Monday, July 21, 2003

Wiesenhof, Killarney

Monday, July 21, 2003

Service: * * *
Food: * * * 1/2
Ambience: * * 1/2
Babe Count: * *

Ah! The taste of victory! I've just thrashed Jonathan 21--14 in my first game in the new cycle of our backgammon club. I've made the cut into the B-division, and life smells like organically grown roses. And my beard smells like chicken breasts with peppadew and sweet-onion topping, served with Greek salad. Which just happens to be the dish on special tonight here in Killarney.

It's definitely a recommendable light supper. For only R22, this is enough to fill the gap caused by a long Monday at work, and it's tasty enough to be called a victor's meal.

"Roy," says Matt, looking up from the pounding he's giving Doc Pete. "How's your relationship with Jacqui progressing?" He throws his dice, shrieks a fist-pumper, slaps Doc Pete's lone blot onto the bar, and says, non-sotto-voce: "Please please please... give us the sordid details. All of them!"

Well, it's gotten to the stage where Jacqui and I are trying to work out pet names for each other.

I've rejected 'Boy Roy', which is what I was called by Stan Katz back in the days I was the sound controller on his afternoon show on 702. I've rejected 'Royco', cos I don't really want to be associated with a brand of instant soup, even though it's hot and steamy and likes being stirred vigorously, whereupon it foams lightly. And I'm uncomfortable with 'Enormous Boy', cos it's untrue. Mostly.

Jacqui has rejected 'Lust Bucket'. I don't really know why. 'Honey Bunny' is just too mundane for both of us. I don't really feel that calling her 'Jax' is appropriate, cos all of her friends call her that, and it seems to me to be too reminiscent of an incident involving a headmaster and a cane when I was in primary school. (I don't know what they called the administration of corporal punishment in your school, but in mine it was called 'Jacks'.) She's given a provisional 'yes' to 'Jacquilicious', but only in private.

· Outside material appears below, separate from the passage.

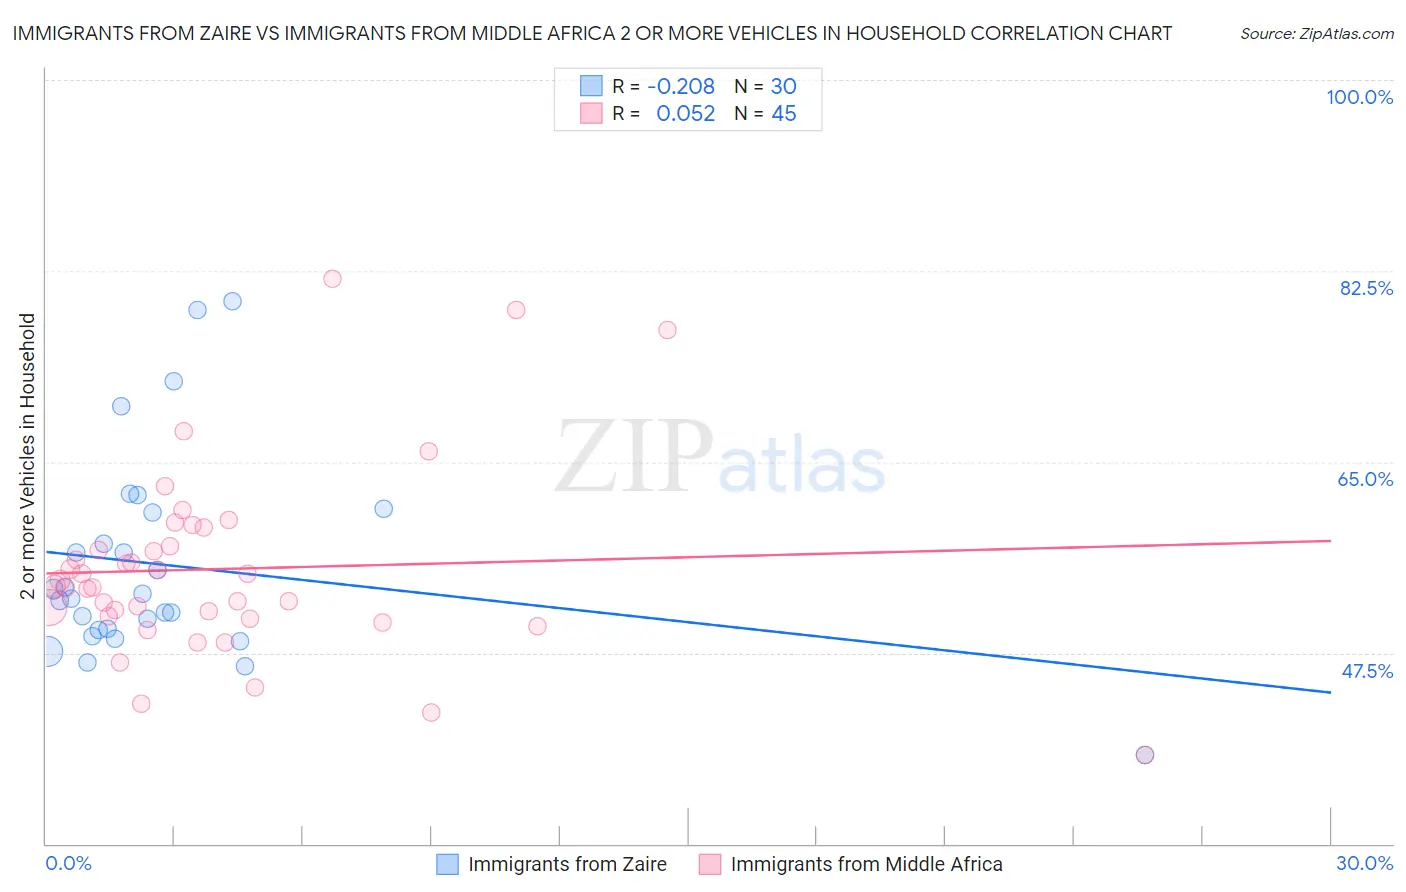 Immigrants from Zaire vs Immigrants from Middle Africa 2 or more Vehicles in Household

"Excuse me," I say to the Wiesenhof waiter in the privacy of Jacqui being in a different part of the world from me, a waiter who I haven't seen for forty-minutes. "I seem to have drooled all over my beard. I've been talking about my girlfriend and she's so Jacquilicious I can't control myself."

He doesn't seem to know what the hell I'm talking about. Which just proves that Jacquilicious could be obscure enough to be uttered in public.

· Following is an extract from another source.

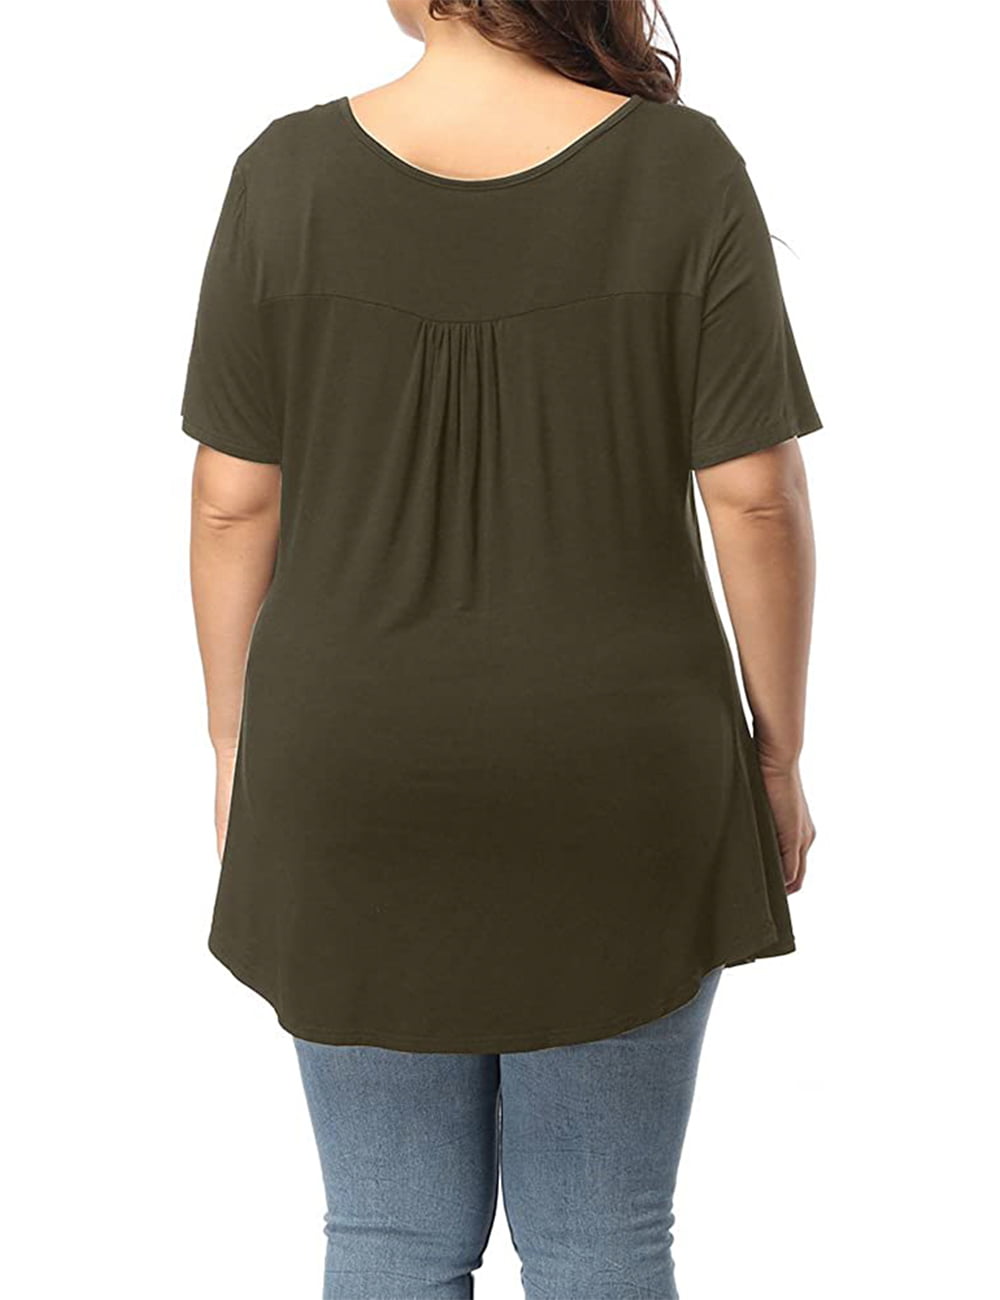 Women's Maternity Short Sleeve Woven Sheer Soft Flowing Round Neck Tunic Tee Top

"Please can I have a serviette?" I ask the waiter.

"Ah," he says, handing me one. "Are you Boy Roy from the Four-to-Six-Afternoon-Fix with Stan Katz in 1989?"

Sunday, July 20, 2003

The Garden of My Flat, Cresta

Sunday, July 20, 2003

Service: * * * * *
Food: * * * * 1/2
Ambience: * * * * *
Babe Count: * * * * *

Jacqui and I are lying on a blanket in my garden, covered by a purple sarong. It's mid afternoon, and the winter sun is warm. It feels like spring is almost here.

My next door neighbour -- Pauline, I think is her name -- is sitting on her stoep making a patchwork quilt. She's also preventing Jacqui from allowing me to try to get up to no good under the sarong.

"No, Roy!" she says. "That woman can see us!!!"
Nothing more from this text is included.